Recent years, many AI laboratories are working on studying deep reinforcement learning (DRL) which is expected to be a core technology in the future. I am also engaging in DRL research. Here I will write my survey about the Human-level control throught deep reinforcement learning paper. It proposes a novel artificial agent, termed a deep Q-network, that can learn successful policies directly from high-dimensional sensory inputs using end-to-end reinforcement learning. I will post the most interesting parts of it and also, I will discuss/explain some concepts.

Agents are confronted with a difficult task: they must derive efficient representations of the environment from high-dimensional sensory inputs, and use these to generalize past experience to new situations.

Former evidenced by a wealth of neural data revealing notable parallels between the phasic signals emitted by dopaminergic neurons and temporal difference reinforcement learning.
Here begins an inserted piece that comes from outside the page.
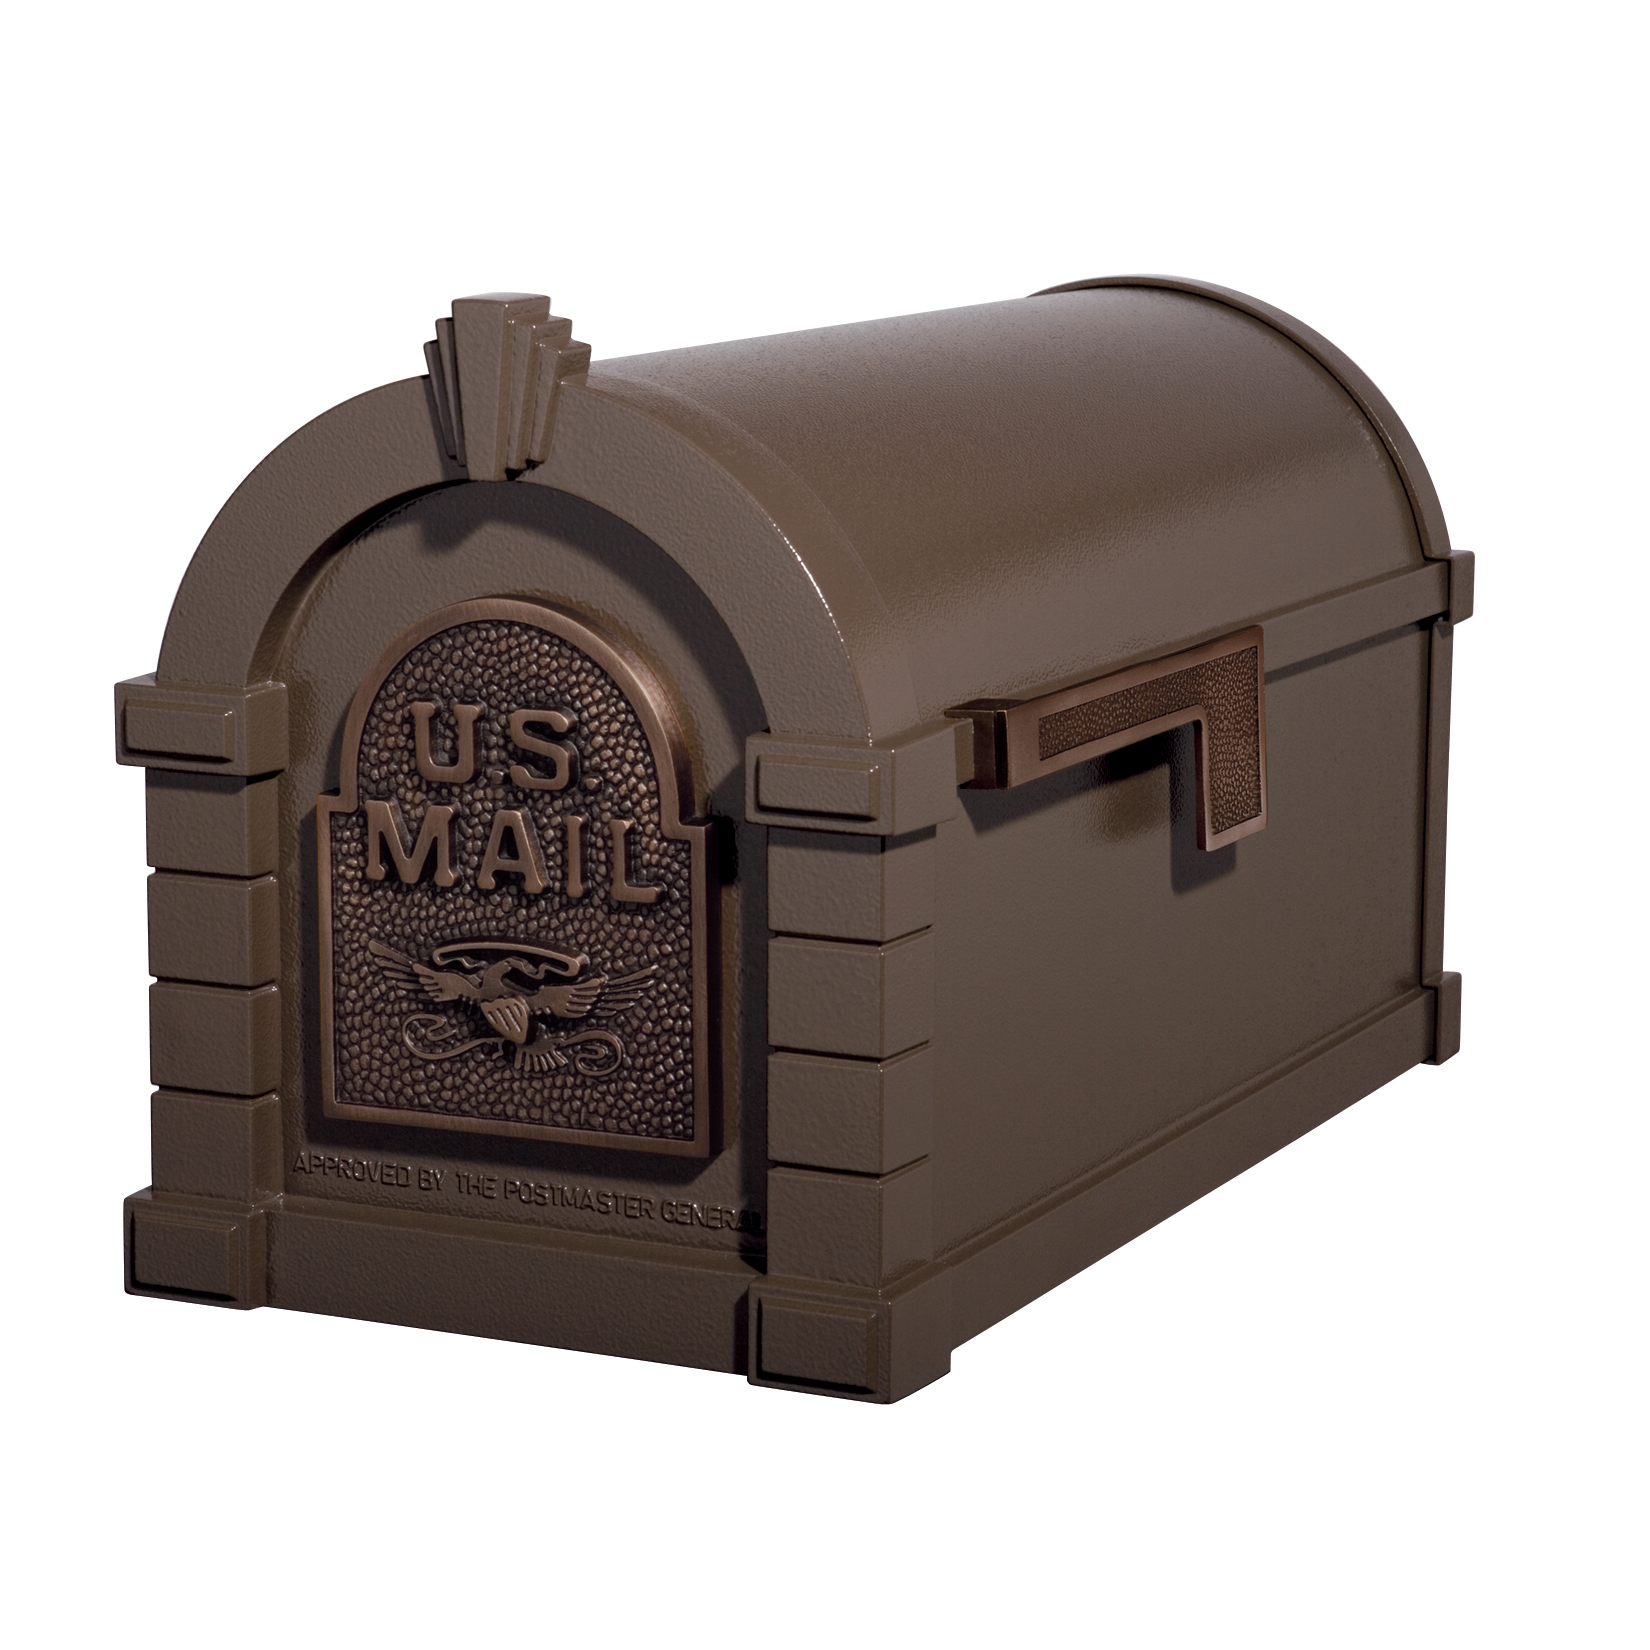 Gaines Eagle Keystone Mailboxes - Bronze with Antique Bronze

Thorndike, E. L. Animal Intelligence: Experimental studies (Macmillan, 1911)

A deep Q-network (DQN), is able to combine reinforcement learning with a class of artificial neural network known as deep neural networks, in which several layers of nodes are used to build up progressively more abstract representations of the data, have made it possible for artificial neural networks to learn concepts such as object categories directly from raw sensory data.

We consider tasks in which the agent interacts with an environment through a sequence of observations, actions and rewards. The goal of the agent is to select actions in a fashion that maximizes cumulative future reward. More formally, we use a deep convolutional neural network to approximate the optimal action-value function.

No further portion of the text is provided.